[Extracted entries Boundary: Start]

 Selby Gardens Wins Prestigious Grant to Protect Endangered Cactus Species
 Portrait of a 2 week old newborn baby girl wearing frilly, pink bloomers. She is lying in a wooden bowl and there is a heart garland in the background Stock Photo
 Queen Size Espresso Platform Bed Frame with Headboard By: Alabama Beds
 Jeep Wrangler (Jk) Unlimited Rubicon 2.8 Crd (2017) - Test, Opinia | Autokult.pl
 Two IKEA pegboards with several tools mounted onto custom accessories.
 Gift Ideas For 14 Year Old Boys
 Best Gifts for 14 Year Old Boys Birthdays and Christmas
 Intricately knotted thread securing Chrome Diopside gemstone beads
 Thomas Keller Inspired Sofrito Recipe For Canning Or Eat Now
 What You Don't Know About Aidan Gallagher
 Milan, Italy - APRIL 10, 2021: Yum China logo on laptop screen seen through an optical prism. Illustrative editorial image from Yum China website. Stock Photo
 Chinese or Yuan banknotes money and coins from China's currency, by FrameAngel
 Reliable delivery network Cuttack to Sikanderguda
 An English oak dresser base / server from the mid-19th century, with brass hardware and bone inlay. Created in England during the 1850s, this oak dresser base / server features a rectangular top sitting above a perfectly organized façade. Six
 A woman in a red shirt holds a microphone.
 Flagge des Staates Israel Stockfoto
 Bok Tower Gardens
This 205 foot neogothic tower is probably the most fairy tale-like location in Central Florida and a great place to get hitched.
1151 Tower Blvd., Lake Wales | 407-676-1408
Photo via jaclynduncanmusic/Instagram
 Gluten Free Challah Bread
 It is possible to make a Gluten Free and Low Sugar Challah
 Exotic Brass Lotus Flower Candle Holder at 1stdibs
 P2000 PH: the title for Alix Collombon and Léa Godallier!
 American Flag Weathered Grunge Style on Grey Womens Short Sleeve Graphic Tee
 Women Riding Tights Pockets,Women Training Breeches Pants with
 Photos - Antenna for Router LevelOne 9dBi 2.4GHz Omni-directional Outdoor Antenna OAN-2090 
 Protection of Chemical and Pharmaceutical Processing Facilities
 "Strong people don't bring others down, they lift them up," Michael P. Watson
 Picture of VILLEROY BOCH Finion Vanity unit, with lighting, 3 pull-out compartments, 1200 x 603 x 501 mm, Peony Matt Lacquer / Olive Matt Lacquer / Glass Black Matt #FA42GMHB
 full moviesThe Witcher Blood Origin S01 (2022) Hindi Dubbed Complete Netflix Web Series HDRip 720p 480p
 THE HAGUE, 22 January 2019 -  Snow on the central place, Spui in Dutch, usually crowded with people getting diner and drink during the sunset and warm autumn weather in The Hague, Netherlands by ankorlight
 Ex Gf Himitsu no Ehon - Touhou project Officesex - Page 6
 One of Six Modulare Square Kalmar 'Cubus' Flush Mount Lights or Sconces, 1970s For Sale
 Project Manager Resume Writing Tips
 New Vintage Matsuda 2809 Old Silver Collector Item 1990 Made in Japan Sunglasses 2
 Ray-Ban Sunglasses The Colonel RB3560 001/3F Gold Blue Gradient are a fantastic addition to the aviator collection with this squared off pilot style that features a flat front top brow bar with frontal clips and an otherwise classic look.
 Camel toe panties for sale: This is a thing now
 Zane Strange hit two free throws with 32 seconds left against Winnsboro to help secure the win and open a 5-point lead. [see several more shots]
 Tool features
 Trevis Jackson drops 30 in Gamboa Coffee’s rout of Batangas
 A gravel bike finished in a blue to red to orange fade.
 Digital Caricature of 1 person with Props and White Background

[Extracted entries Boundary: End]

Return each line of the entries that holds the string "place".

This 205 foot neogothic tower is probably the most fairy tale-like location in Central Florida and a great place to get hitched.
 THE HAGUE, 22 January 2019 -  Snow on the central place, Spui in Dutch, usually crowded with people getting diner and drink during the sunset and warm autumn weather in The Hague, Netherlands by ankorlight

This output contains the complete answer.